- [Task inputs]:
----
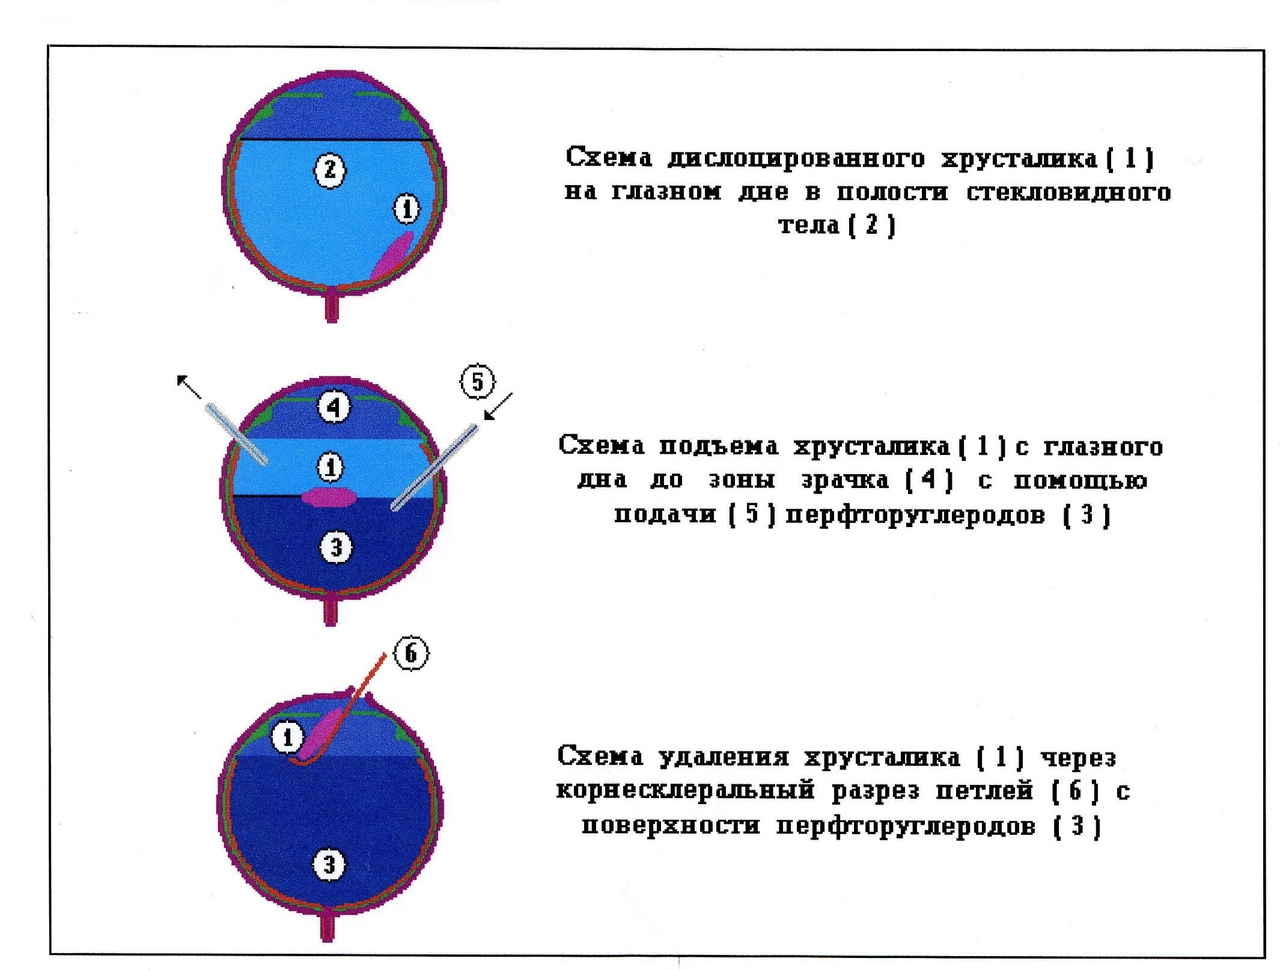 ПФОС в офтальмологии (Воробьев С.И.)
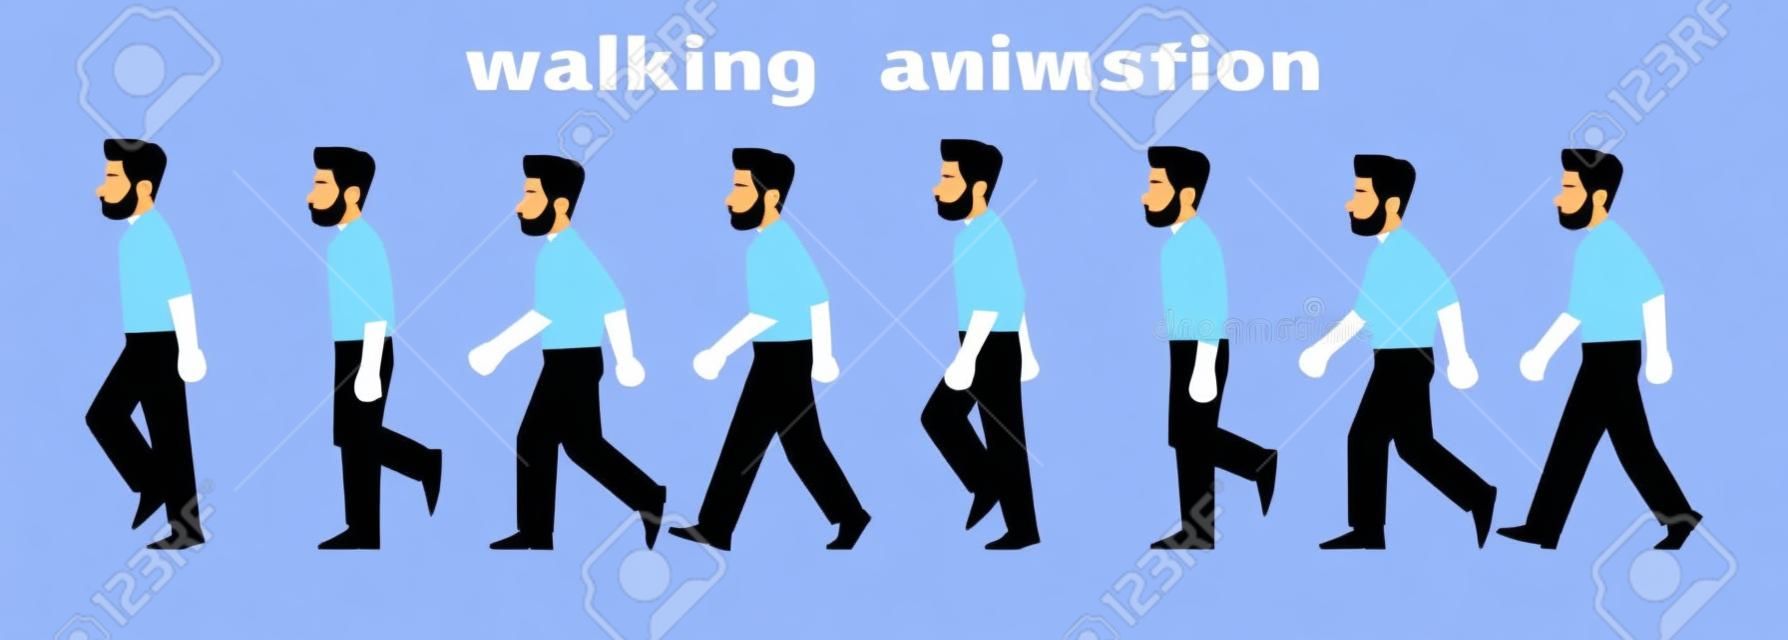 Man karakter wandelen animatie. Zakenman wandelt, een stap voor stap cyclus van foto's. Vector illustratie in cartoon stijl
----
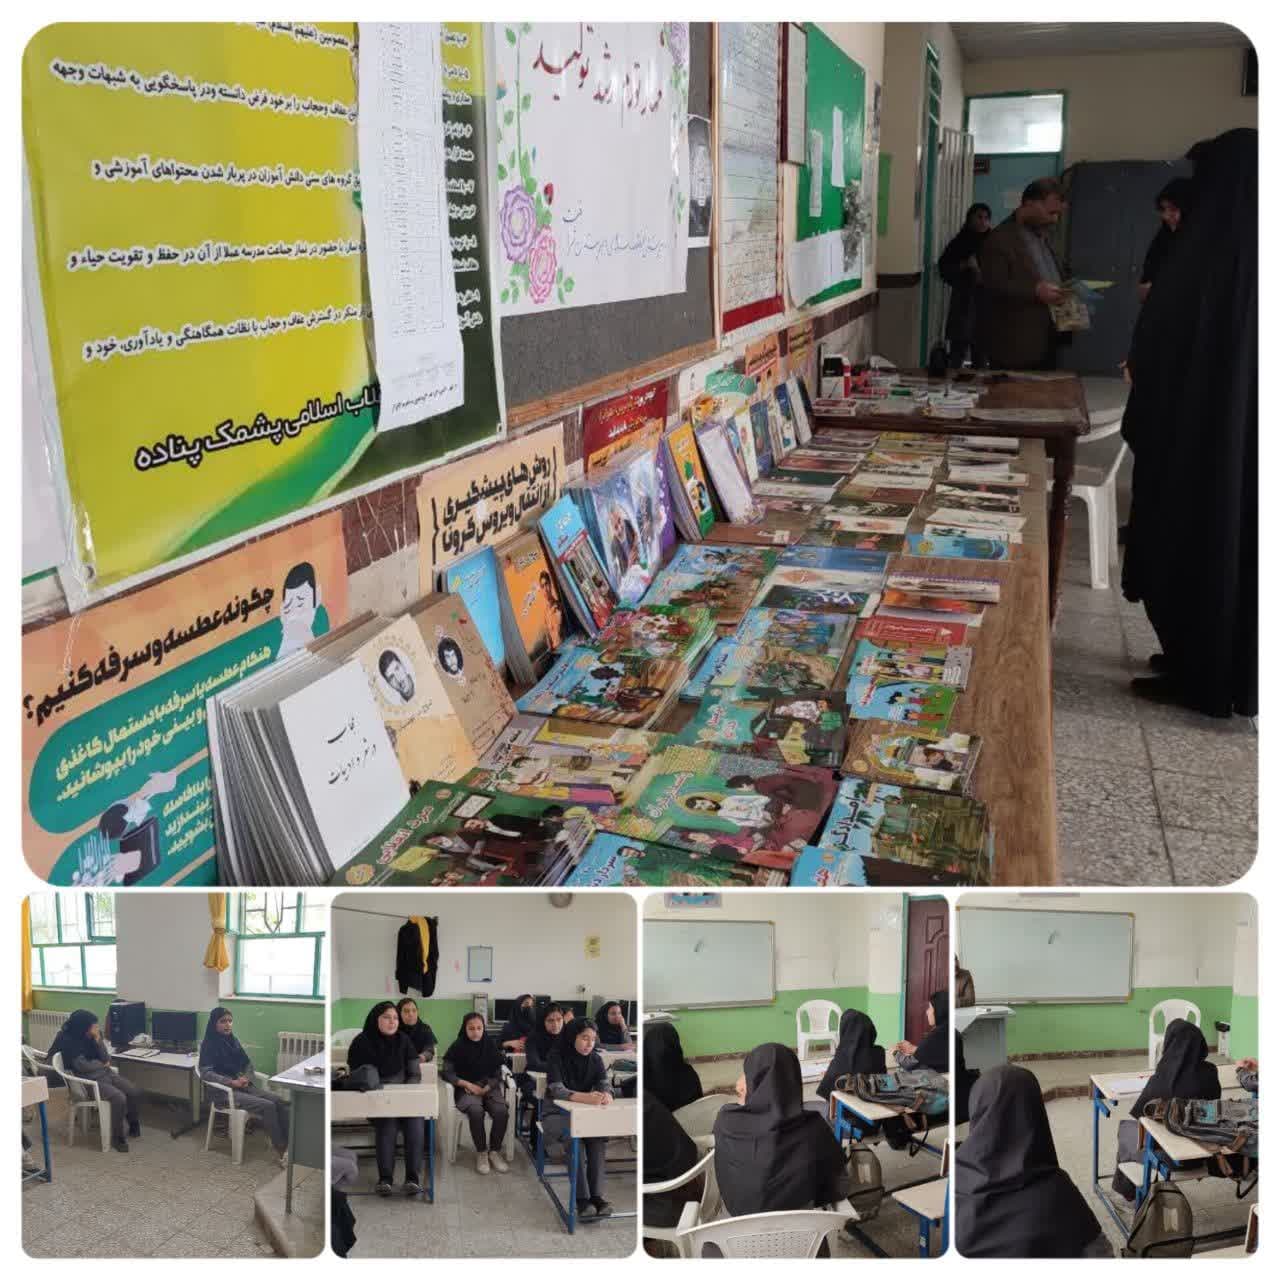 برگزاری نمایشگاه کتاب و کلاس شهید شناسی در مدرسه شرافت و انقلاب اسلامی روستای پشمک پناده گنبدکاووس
----
- [Problem to solve]: Repeat exactly the lines above, beginning at the one containing "ПФОС в офтальмологии (Воробьев С.И.)" and ending at the one containing "Man karakter wandelen". Do not carry over any pictures.

- [Answer to this exercise]:
 ПФОС в офтальмологии (Воробьев С.И.)
 Man karakter wandelen animatie. Zakenman wandelt, een stap voor stap cyclus van foto's. Vector illustratie in cartoon stijl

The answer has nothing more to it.